Game Nerd moment so please dun mind me :P

Dun mean to be a mega bitch about things but...Even though you dun mean it the way you do.. my interpretation of your sentences, given the specific time and scenario, will be way off from what you actually meant..

"Passing me your skill"

Now...Saying this simply makes me feel like I never had any of my own skill to begin with.. as if I don't have a noticeable presence in a game...as if I'm there just to be there.. I know you don't mean it that way and that you are just saying it as a joke or form of encouragement but hey.. my brain is a mega bitch.

"Slowly learn lo"

Whenever I criticize myself or make a mistake and somehow tells me ... Slowly learn lo... it ticks me off..for one, if I am able to criticize myself to begin with.. it means I know my mistake and I have already "learnt" that particular way or method when playing the game just that I made an error which resulted in me NOT carrying it out... Telling me to learn smth I have already learnt makes me feel like you think I am always making this same mistake and that I always will.

"Ok lo/what/la/etc"

Number one most hated line of all time.. just like in singing when someone says .. Your singing is OK LA..so what? Is that a "I should continue singing cus it's pleasing to the ear?" or "stfu" or "Its not too bad...but i wont really want to hear it often.." or "its not too bad but i dun mind listening to it" etc... like.. yo.. I'm a tough grader and sometimes when something cool happens that makes me go HOLY CRAP OMG HAHAHA YES ... and I hear you say..it was OK LA...its like bitch please I'm not on your standard...sure i aint got the same amount of experience in the game but... i dunno I find it naturally degrading and just.. like makes me unmotivated to catch up since i will always be seen as someone of a lower level.

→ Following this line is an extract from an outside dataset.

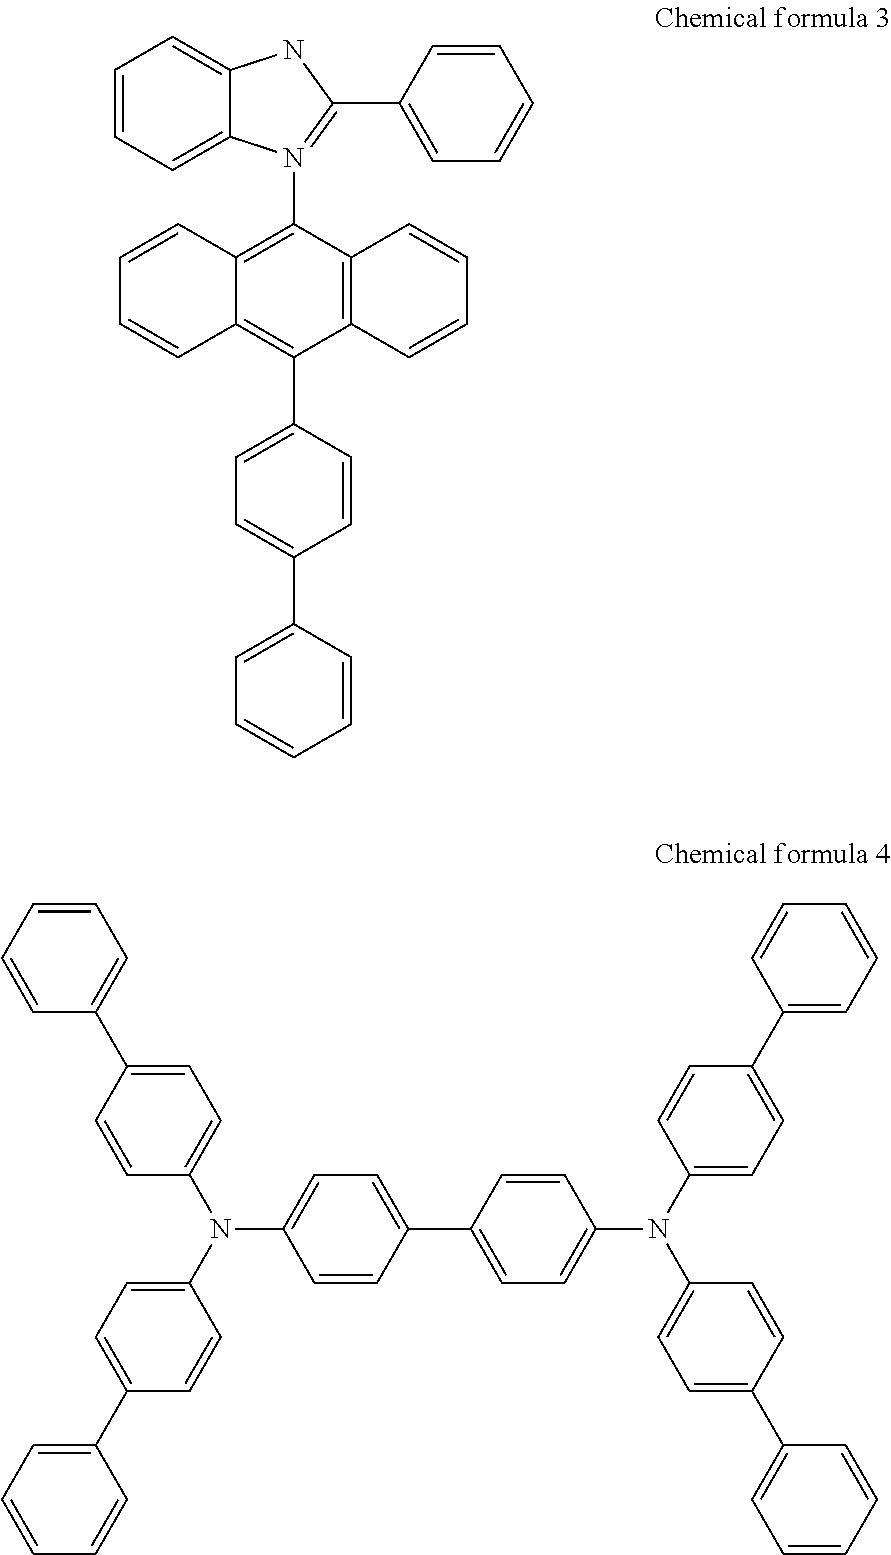 Figure US20110095276A1-20110428-C00004

Maybe i'm being a huge bitch about it cus I keep commiting the same mistakes.. maybe i'm really not that good as I think I am.. who knows eh? I KNOW i'm good at LoL but after some shitty internet/games/watever... i'm beginning to question my capabilities as a gamer...

Used to think that my attributes were that of .. fast learner... quick reaction.. unexpecting.. innovative.. now is like.. plop.. nth.. Sure I thought of the whole moving the ghost of the dude and stunning when it returns but thats it? I'm  sure others have thought about it too and even created something more abt it.. but sigh.. i dunno.. is really skill as a gamer this bad the whole time? Or rather am I just faced with the feeling of inferiority due to the lack of compliments/ excessive amount of mistakes/lack of confidence..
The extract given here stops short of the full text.